NLRB v. Sears, Roebuck & Co., 421 U.S. 132, 149 (1975). Thus, in
order to qualify for Exemption 5 privilege, the agency must: (1)
meet the threshold requirement that the disputed documents be
“intra-agency or interagency,” and (2) establish that they are
covered by a common law or statutory privilege that would exempt
35
them from civil discovery. Dow Jones & Co. v. Dep’t of Justice,
917 F.2d 571, 573–74 (D.C. Cir. 1990).
Under the “consultant corollary,” however, agencies retain
the ability to seek advice from bodies outside the executive,
where for the purpose of providing that advice, they are treated
as agency employees and thus satisfy the threshold requirement.
McKinley v. Bd. of Governors of the Fed. Reserve Sys., 647 F.3d
331, 336 (D.C. Cir. 2011). For an outside party to fall within
the consultant corollary exception to the Exemption 5 threshold
requirement, there are two pivotal conditions: (1) the outside
party cannot provide self- interested advice to the agency, and
(2) the agency must have solicited the advice from the party.

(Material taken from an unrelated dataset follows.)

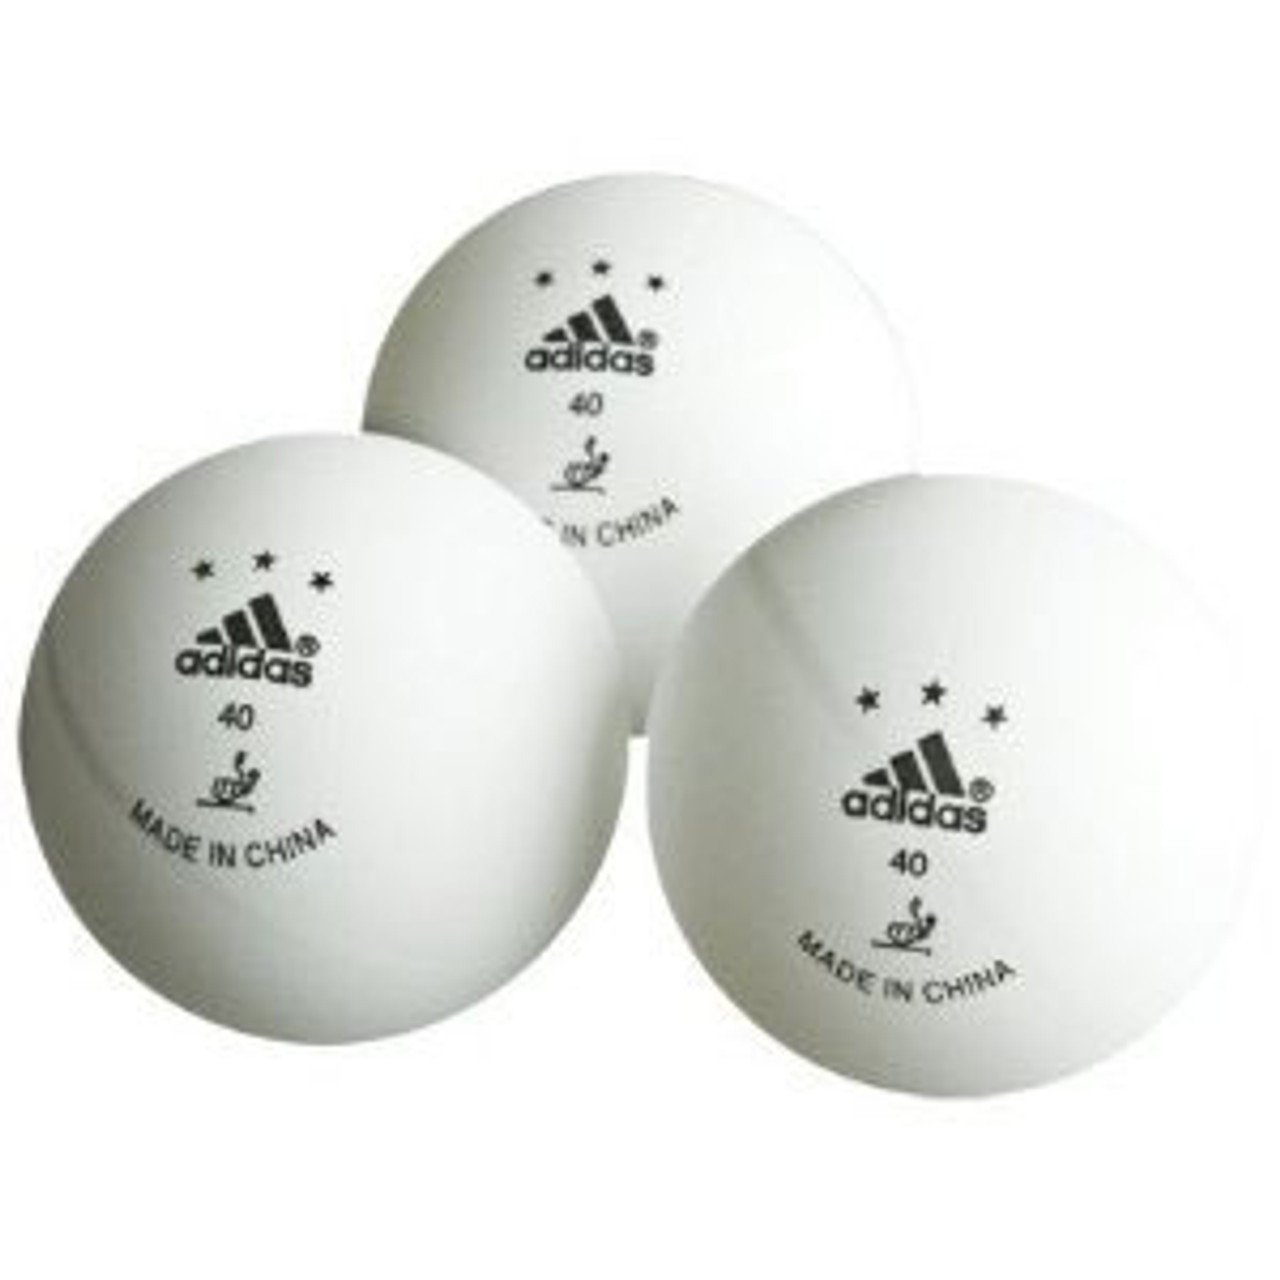 ventilador Tener cuidado ceja ADIDAS Competition Table Tennis Balls [pack of 3]

See Dep’t of Interior v. Klamath Water Users Protective Ass’n,
532 U.S. 1, 10–11 (2001); Nat’l Inst. Military Justice v. U.S.
Dep’t of Defense (“NIMJ”), 512 F.3d 677, 680 (D.C. Cir. 2008).
In particular, “communication that aids the agency’s
deliberative process [may] be protected as ‘intra-agency’” under
Exemption 5. Judicial Watch, Inc. v. DOT, 950 F. Supp. 2d 213,
218 (D.D.C. 2013); see also NIMJ, 512 F.3d at 681. Although the
Court of Appeals for the District of Columbia Circuit (“D.C.
Circuit”) has held that Congress is not an “agency” within the
meaning of FOIA, Dow Jones & Co, Inc., 917 F.2d at 574;
“communications between an agency and Congress [sh]ould receive
protection as intra-agency memoranda if they were ‘part and
36
parcel of the agency’s deliberative process.’” Rockwell Int’l
Corp. v. DOJ, 235 F.3d 598, 604 (D.C. Cir. 2001) (quoting Dow
Jones, 917 F.2d at 573–75).
a. The Documents Are Intra-Agency Records
i. Congress was Not Acting in Its Self-Interest
Magistrate Judge Robinson finds that in this Court, “the
relevant inquiry is not whether the party was simply self-
interested, but whether the advice provided by the consultant
conflicts with the agency’s ability to advance its own
interests.” MSJ R. & R., ECF No. 49 at 16. She concludes that
Congress’ members’ interests in the documents at issue are not
“adverse to the interests of the government, they are the
interests of the government” since Congress was providing advice
“in the interest of the American people” rather than its own
self-interest. Id. Plaintiff objects that Magistrate Judge
Robinson’s approach, which it perceives as “requiring a FOIA
requester to demonstrate that an outside consultant was acting
‘adverse to its competitors’ or ‘adverse to the government,’”
uses an inappropriately high bar for what constitutes an
“independent interest” sufficient to defeat the application of
the consultant corollary. Pl.’s MSJ Objs., ECF No. 51 at 15.
Plaintiff instead interprets the caselaw as focusing on “whether
or not the outside consultant had an ‘independent interest’ in
the outcome of the agency’s decisionmaking process.” Id. at 16.
37
Defendants respond that American Oversight is attempting to
broaden the reach of Klamath, and that an “an ‘independent
interest,’ standing alone, is not enough to defeat the
application of Exemption 5.” Defs.’ Opp’n MSJ Objs., ECF No. 57
at 15. The Court reviews Plaintiff’s objection de novo.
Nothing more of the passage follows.